During the last LF Collaboration Summit, we've done a mini-summit [1],
intended to improve the hardware error detection in kernel, currently
provided by MCE and EDAC subsystems.

The idea of this mini-summit came up after Thomas Gleixner and Ingo
Molnar suggestions that edac and mce should converge into an error
subsystem.

I'm enclosing the minutes of the meeting, in order to allow it to be
reviewed by other kernel hackers that are interested on the theme but
unfortunately couldn't come to the meeting.

Btw, during the meeting, it were decided that EDAC ML could better work
if moved to vger, so I'm copying here both the old and the new edac
mailing lists.

[1] http://events.linuxfoundation.org/lfcs2010/edac

---


I Hardware Error Kernel Mini-Summit
===================================
April, 15 - San Francisco, CA, US
2010 Linux Foundation Collaboration Summit

Attendees:
Ben Woodard - Red Hat
Brent Young - Intel
Doug Thompson - LLNL
Mark Grondona - LLNL
Matt Domsch - Dell
Mauro Chehab - Red Hat
Tony Luck - Intel

After some initial description of the current state of error
handling in Linux, we moved to work on requirements and high
level design of the system going forward.

Requirements
============

First and foremost is that end-users (presumably system administrators)
need notification of the hardware component that is the source of each
error. Ideally this should include "silk screen" markings so that the
user can identify which component is at fault.

Other requirements may vary amongst different types of end users, but
include:
+ Minimal disruption to system performance when logging corrected errors.
+ Assurance that h/w error detection mechanisms are correctly configured
and enabled.
+ System topology information

Wit respect to System topology, it was poined that LLNL is concerned about
being sure that ECC is enabled, as some BIOS'es lied about that in the past.
Also, memory topology information is needed to allow matching the silk
screen labels from the hardware with each reported DIMM.


Design - dividing the problem into logical layers
=================================================

It was agreed that a hardware error driver should be mapped on those layers:

[Userspace API]
[core layer]
[Low level drivers]

At the lowest level is the task of collecting error information from
hardware and/or firmware (LLNL call this "harvesting").
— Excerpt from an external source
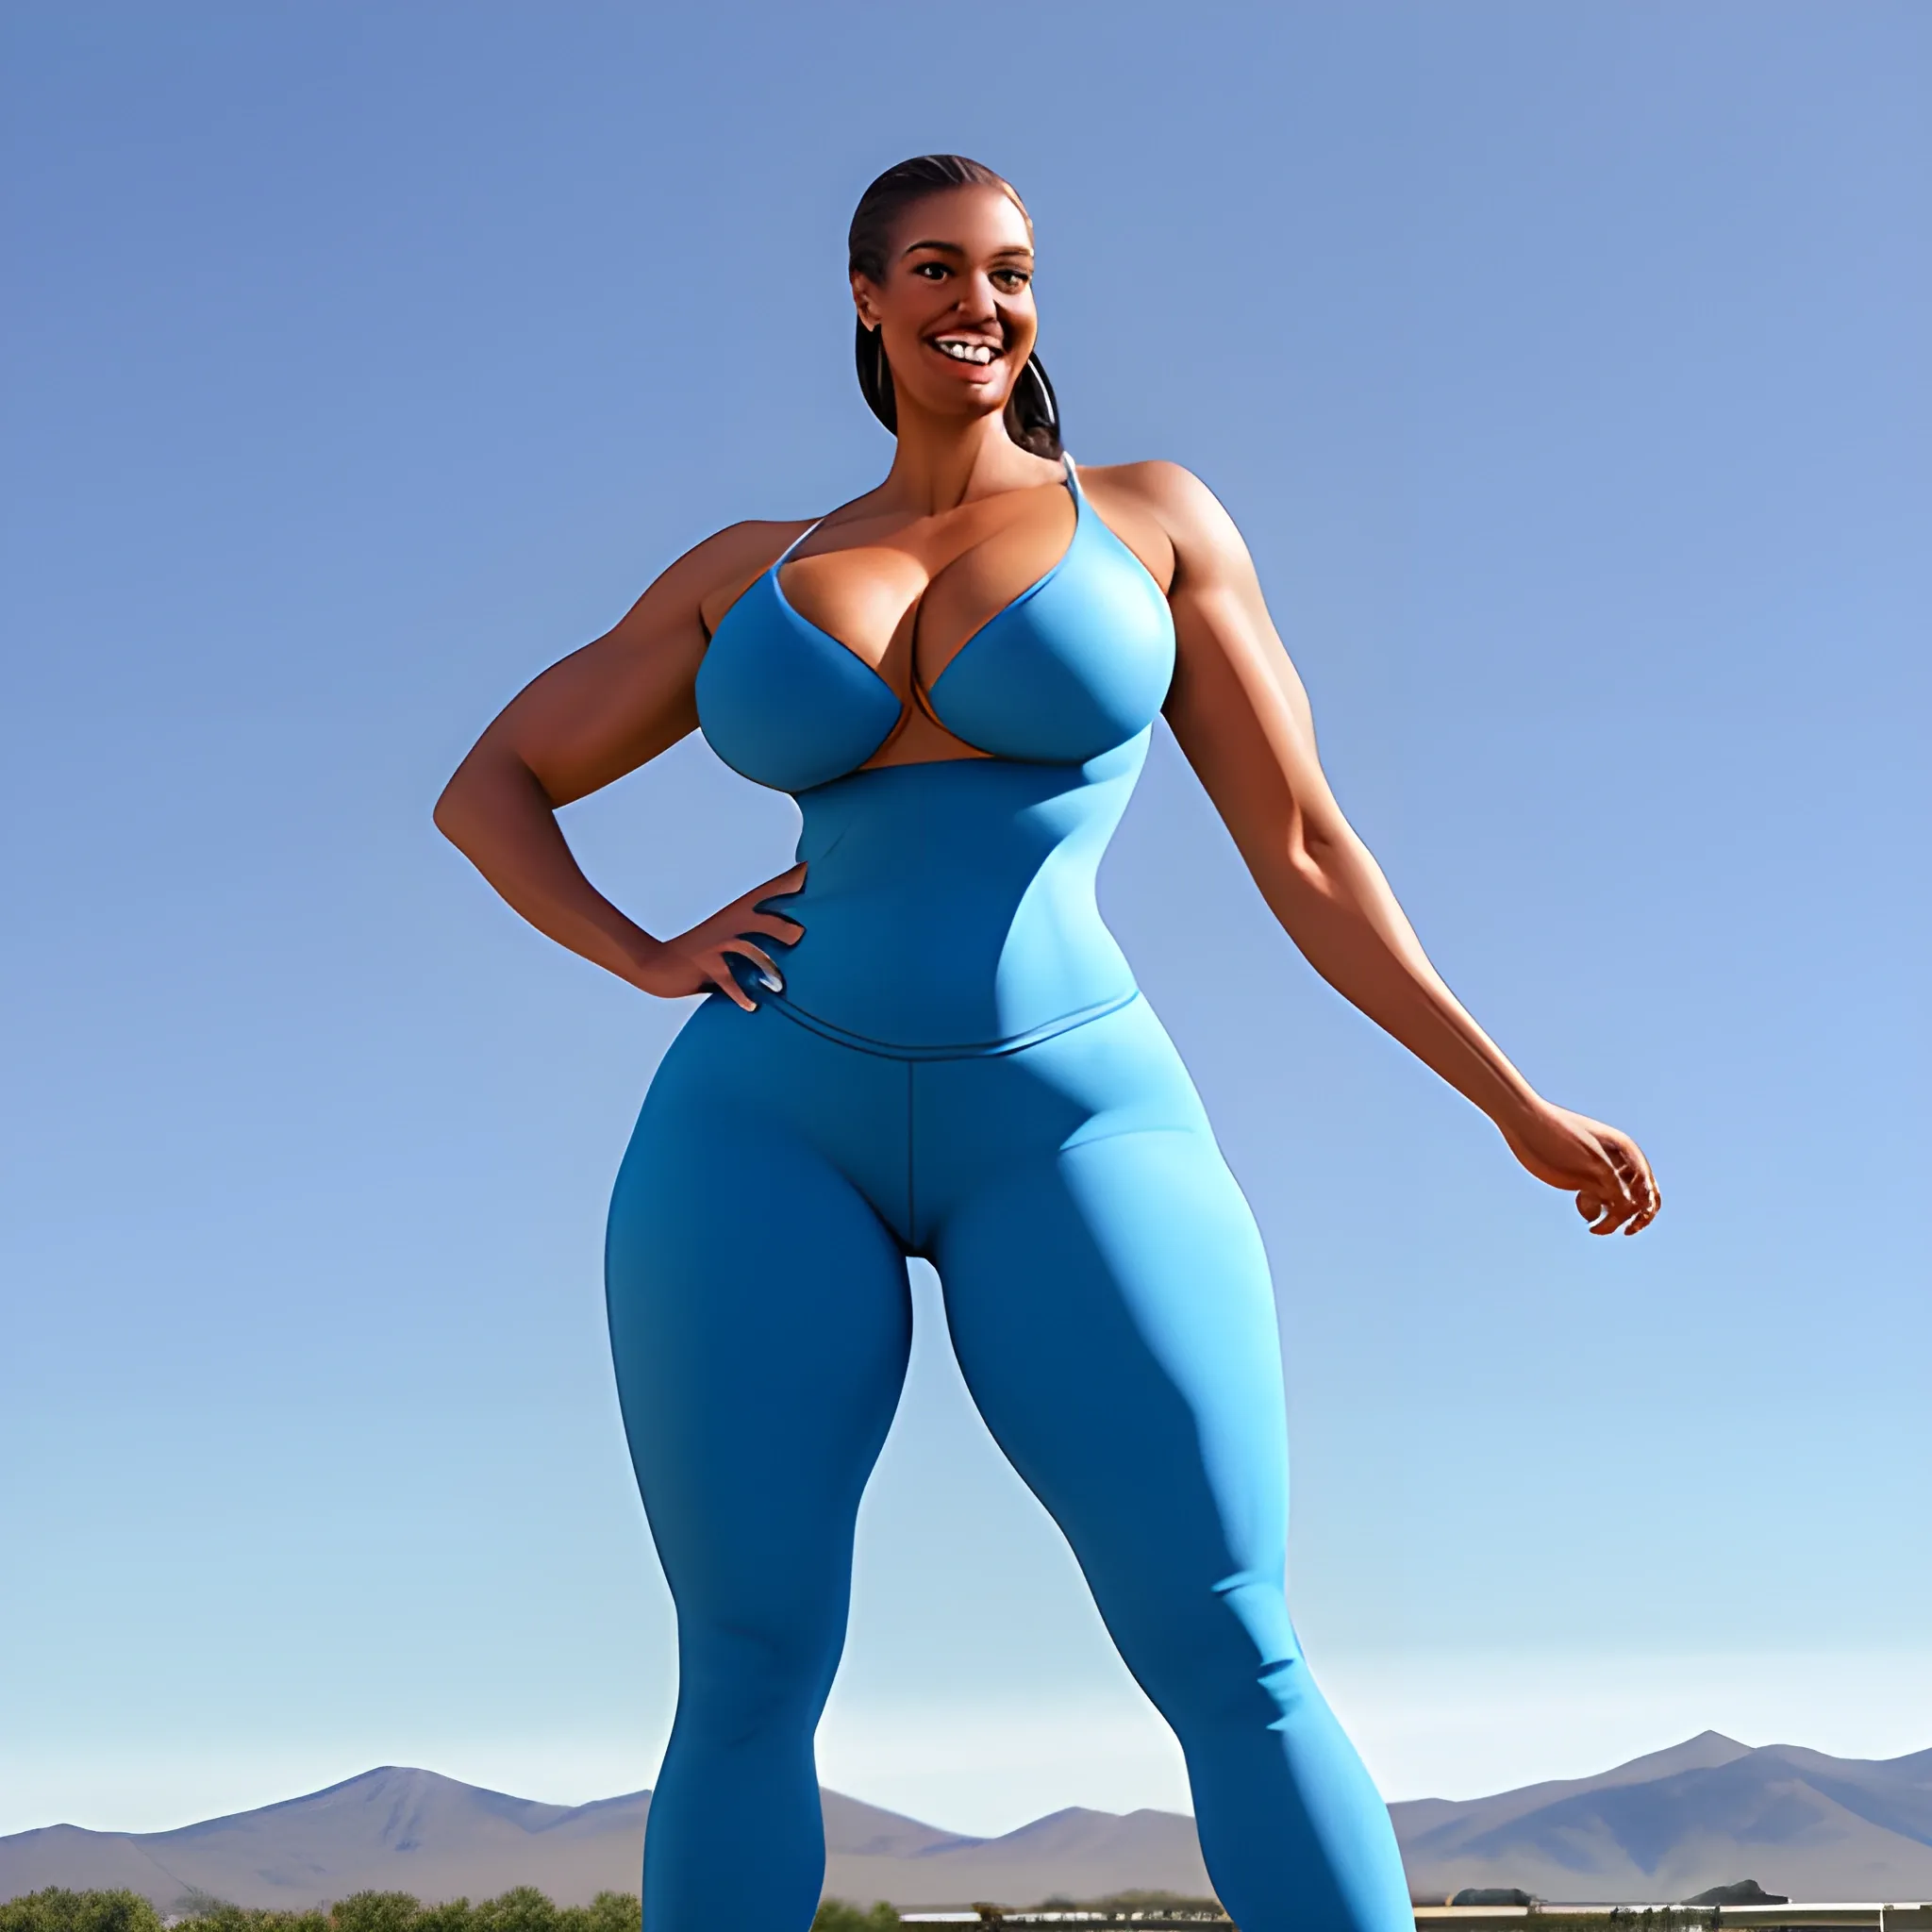 8 ft tall mighty voluptuous and smoothly muscular gently smiling beautiful young blonde girl with small head, broad shoulders, yet flat breast, straight hips and robust long legs standing on training grounds under blue sky

There is
already wide diversity between architectures, and even platforms
within the same architecture. So it make sense for there to be some
low level, platform specific, drivers that collect data in whatever
way they can - and present it to some "core" layer in the kernel
that will provide abstraction/uniformity to higher levels of the
software stack.

Matt Domsch pointed out that the 4.0a version of the ACPI specification
includes a chapter on "APEI" - features drawn from the WHEA (Windows
Hardware Error Architecture). These features are already implemented
by some BIOS vendors - and will become more widespread. When this
is present (and determined to be correctly implemented) it makes
sense to use this for error harvesting. When it isn't (e.g. on
architectures not graced with ACPI support) a more traditional
memory controller driver that reads chipset registers can be used
instead.

In the middle layer - we just waved our hands a bit and said that there
was some generic core code. Doug volunteered to re-factor other code
to create this.

The middle layer should provide ways to map some number of parameters to
a FRU (field replaceable unit).
f(a,b,c,d) => FRU
some examples could be:
f( CPU socket, MC, channel, DIMM) => memory FRU
f( phy addr) => memory FRU
f( ? ) => processor FRU

The FRU is the most important thing from the customer or system
administrator's perspective. For example, they are not terribly
interested in the memory hierarchy or the way that the machine is put
together, that is really only interesting to hardware engineers. After
the machine is bought, when they have an error they are most concerned
with finding the component that they need to replace to get the machine
fully operational again.

Some of the challenges that make this mapping difficult are:
Mirrored memory
1. Hot spare memory
2. Logical vs. physical DIMMs
3. Interleaved memory
4. complicated memory like mainframes have.
5. Uncertainty in where the error actually is. In other words there
are times when the most that the hardware is able to know is that the
problem appears to be on DIMM[1-3]. How to portray that to the user is
one topic that was never resolved.
6. Right now the memory controller is the only one that has this
information because it had to know this information when it setup the
memory controller and this information is currently only available to
BIOS writers.

The FRU needs to be broader than just DIMMs, it can be any field
replaceable component. Some examples beginning with
/sys/devices/system/EDAC/:
* UP machine: ...MC/DIMM[0-4]/CSROW
* SMP machine: . ..MC/MC[x]/DIMM[0-4]/CSROW
* Nehalem EP, AMD: ..MC/MC[x]/CHAN[y]/DIMM
* Nehalem EX: NODE[z]/MC[x]/CHAN[y]/RISER[a]/DIMM

In these directories there will be at least an attribute named 'ce' and
'ue' attributes

The uppper layer presents error data to user-space. The EDAC model of
a forest of /sys attribute files based on csrows within DIMMs used to
provide both error counts for each object as well as topology information.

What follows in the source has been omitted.